Energy of local rotation in elasticity theory

Question

In the theory of elasticity there is an important object, the displacement increment vector $u_i$. The derivative of such an object can be decomposed into symmetric and antisymmetric parts:

$$ \partial_i u_j = \underbrace{\frac{1}{2} (\partial_i u_j + \partial_j u_i)}_{u_{ij}} + \frac{1}{2} (\partial_i u_j - \partial_j u_i) $$

The antisymmetric part describes rotation:

It is obvious that whole body rotation doesn't change energy. But local rotations can lead to changes of energy. But usually energy of a deformed body is described by:

$$ E = \lambda^{ijkl} u_{ij} u_{kl} $$

Why do we not include contributions of the antisymmetric part? Local rotations will change energy of system.

Answer 1

The antisymmetric term $\frac{1}{2}(\partial_j u_i - \partial_i u_j)$ does not correspond to an internal deformation of the elastic continua, but rather a rigid rotation of the system.

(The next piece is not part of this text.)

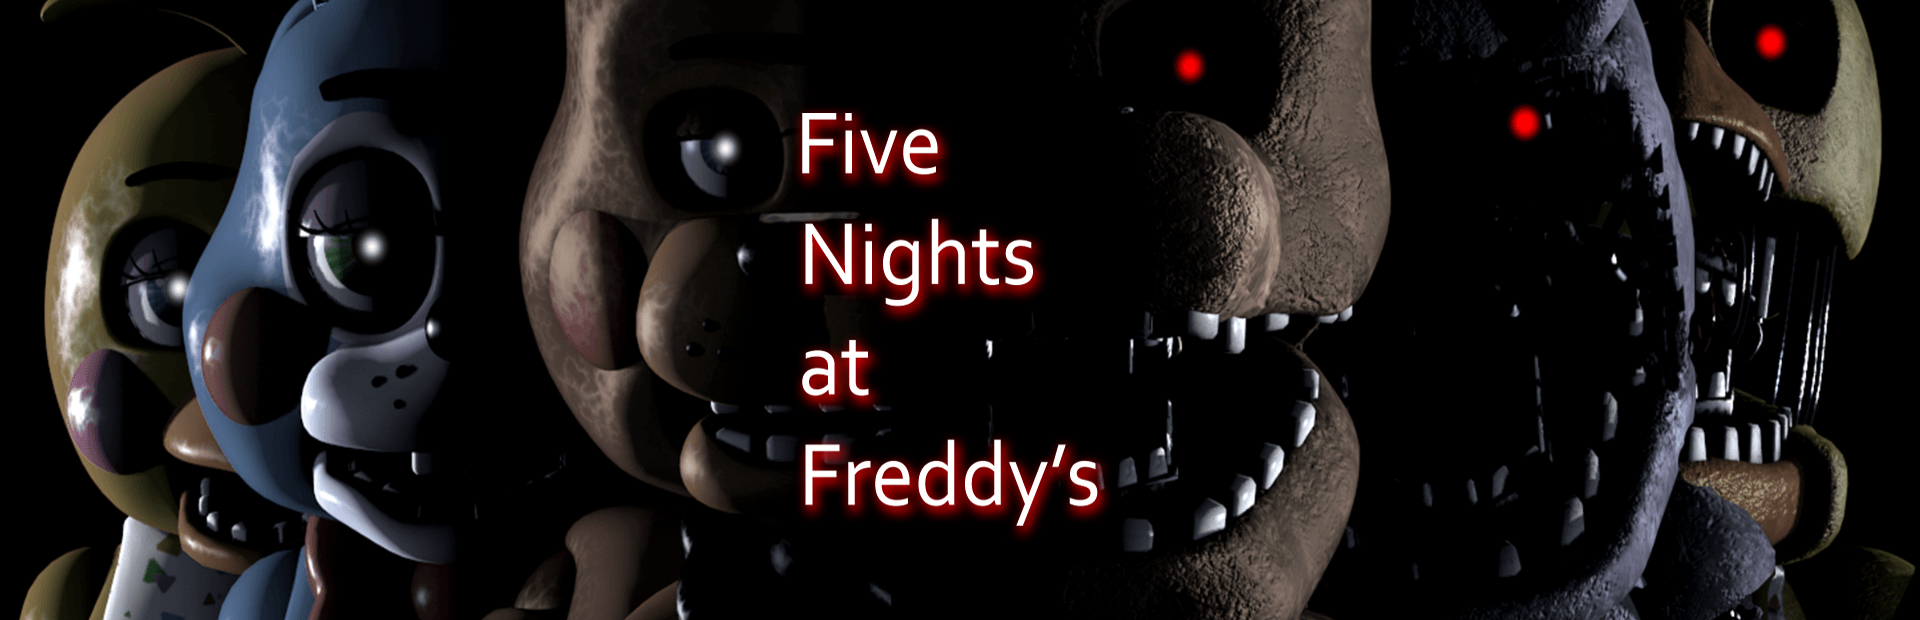 دانلود بازی Five Nights at Freddy's برای پی سی | گیمباتو

This means that the antisymmetric term $O_{ij}$ (following Fetter and Walecka's naming convention) does not produce a change in the dimensions of the body (IE: does not change the length, area, or volume of the body as a whole), and thus does not contribute to the elastic energy of the system.

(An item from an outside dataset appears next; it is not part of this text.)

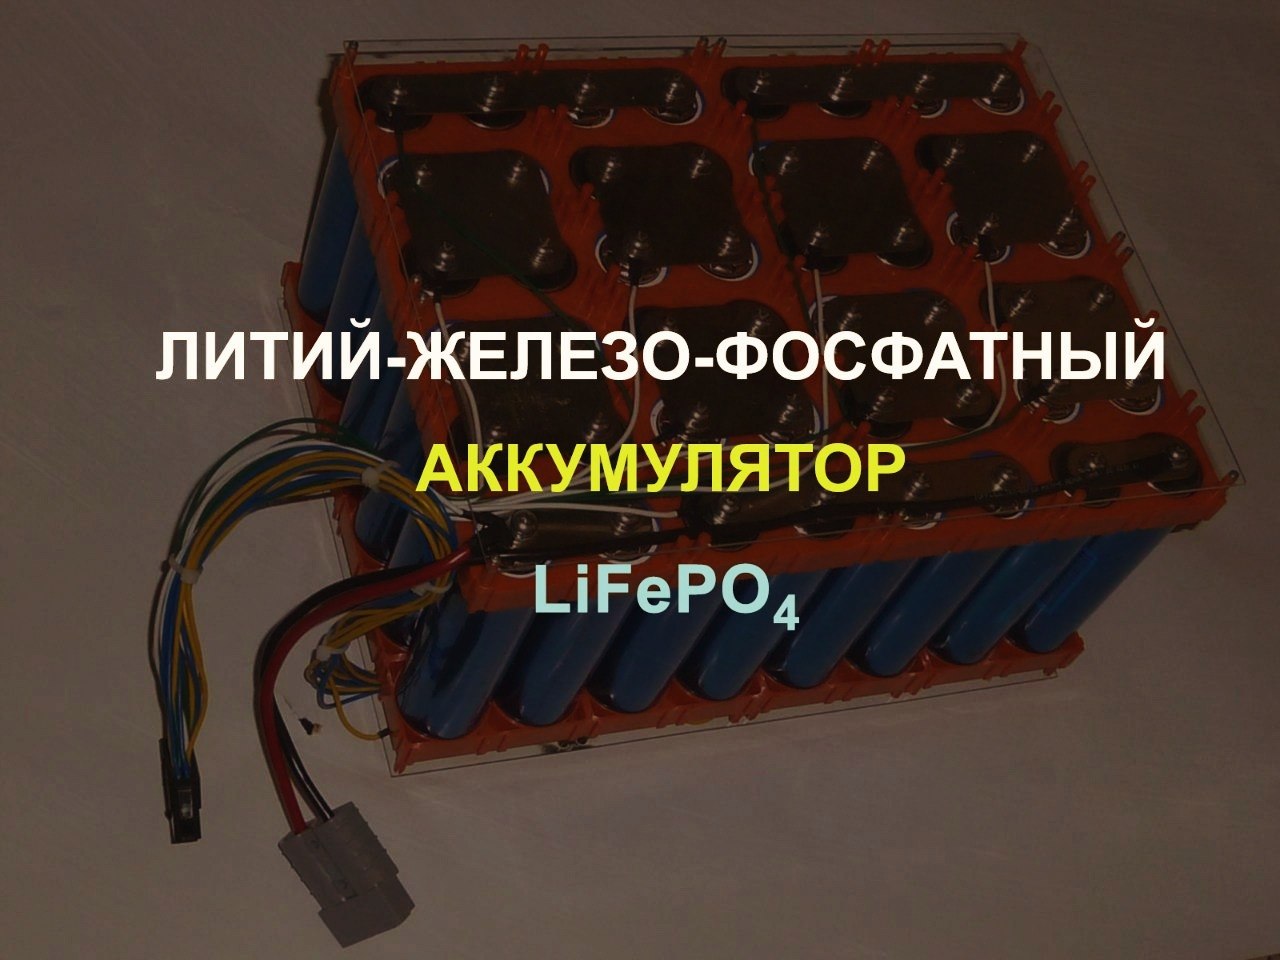 Литий-железо-фосфатный аккумулятор

We have more reasons to believe that the elastic energy sees no contribution from a rigid rotation (or at least no contribution to first order). We know this since we derive the energy from the Stress Tensor $T_{ij}$, which is symmetric. The terms we can build with $O_{ij}$ that are symmetric are beyond our first order approximation (and are thus very small).